3d  Supply loot in barrels, for example (7)
{BOOTLEG} – this is a nice example of an all-in-one clue (where the whole of the clue is both the definition and all the wordplay). Put an anagram (supply, I presume with the meaning of very supple) of “loot” in between B (barrels) and EG (for example) to get a verb meaning to smuggle illicit goods (usually, but not always, liquor, so “loot” just about works in the definition).

5d  Appears with good sort of act getting prolonged applause (4,7)
{SHOW STOPPER} – “Appears” is SHOWS and this is followed (with) by TOPPER (someone who is very good) to produce the sort of act on stage which gets prolonged applause. (I’m not totally convinced of the wordplay here – is it “good sort” or “sort of act”? – I’ve gone with the second – give us your view!).

6d  Historian understood by you and me (7)
{TACITUS} – my old Latin master used to go on at length about this Roman historian whose writings were apparently quite rude. His name is a combination of TACIT (implicitly understood) and US (you and me).

7d  Hog’s back, a cold place when Fahrenheit’s dropped (5)
{RIDGE} – a cold place is a fRIDGE – drop the F (Fahrenheit) to leave a synonym for hog’s back.

8d  Bond securing a second frame (8 )
{CASEMENT} – to form a bond is to CEMENT a relationship – insert (securing) A and S (second) to get the frame of a window. tilsit has pointed out that the surface reading has snooker connotations with (Nigel) Bond (a snooker player I must admit I’ve never heard of) and “frame”.

12d  Star – not the morning star, and not the evening star! (7,4)
{MATINEE IDOL} – … so he must be the afternoon star, a dated term for a handsome actor, especially popular among women.

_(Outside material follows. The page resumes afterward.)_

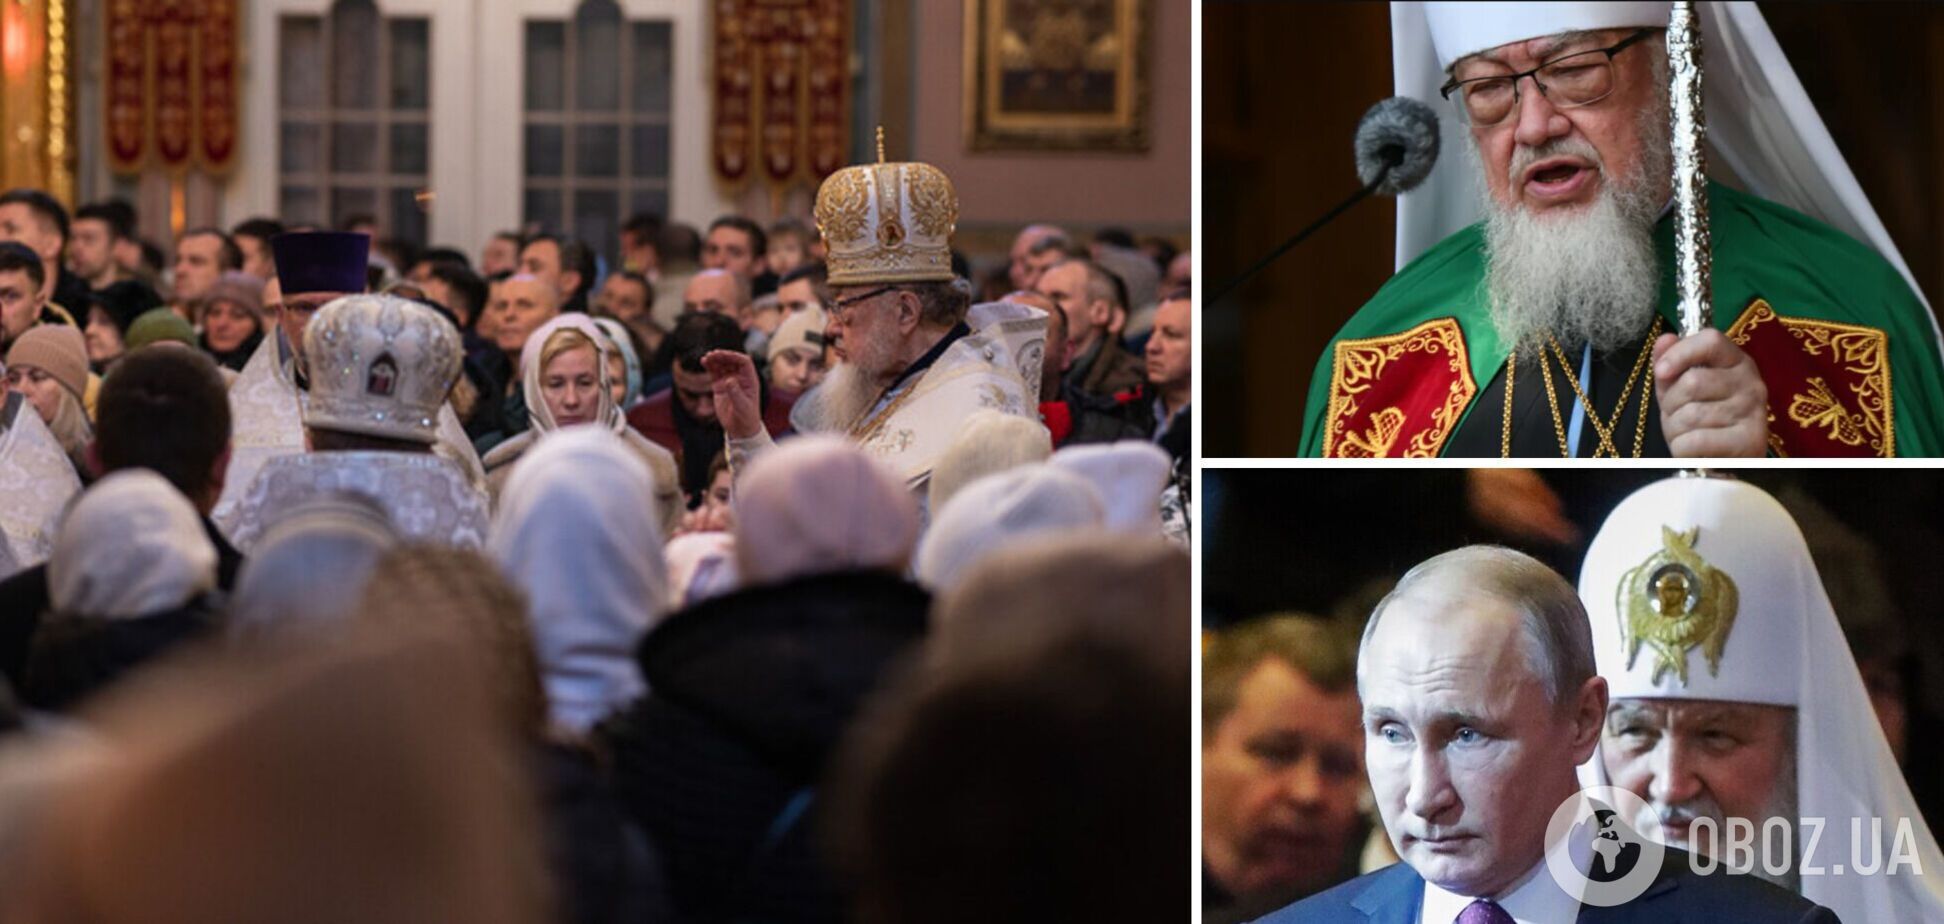 'Приведет к распаду страны: польский митрополит сделал скандальное заявление о новой дате празднования Рождества в Украине

15d  Weapon child found in county town (9)
{MATCHLOCK} – the county town of Derbyshire is MATLOCK (and not Derby as might be thought). Put inside it CH (child) to get an old type of musket.

16d  A bishop’s vice, the drink (8 )
{ABSINTHE} – a charade of A, B (bishop), SIN (vice) and THE leads to an alcoholic spirit so potent that it was banned in many countries.

18d  Number having sly look over angler’s accessory (7)
{KEEPNET} – number is TEN, add (having) PEEK (sly look) and then turn the whole thing upside down (over) to get this angler’s accessory.

19d  Character of myth, one taken in by another (7)
{ICARIUS} – ICARUS was a character from Greek mythology who flew too near the sun and was killed when the wax attaching his wings melted. Include an I (one taken in) to get another mythical Greek character.

20d  Religious house in earlier years (6)
{PRIORY} – a small monastery or nunnery is formed from PRIOR (earlier) and Y (years).

22d  Brush or brushwood? (5)
{SCRUB} – a double definition – to brush vigorously and vegetation consisting mainly of brushwood.

I don’t think that there is one outstanding clue today, but the ones I liked included 25a and 3d. What do you think? – leave us a comment!

2 comments on “Toughie 141

  1. I think the surface reading in 8d alludes to Nigel Bond, erstwhile snooker player.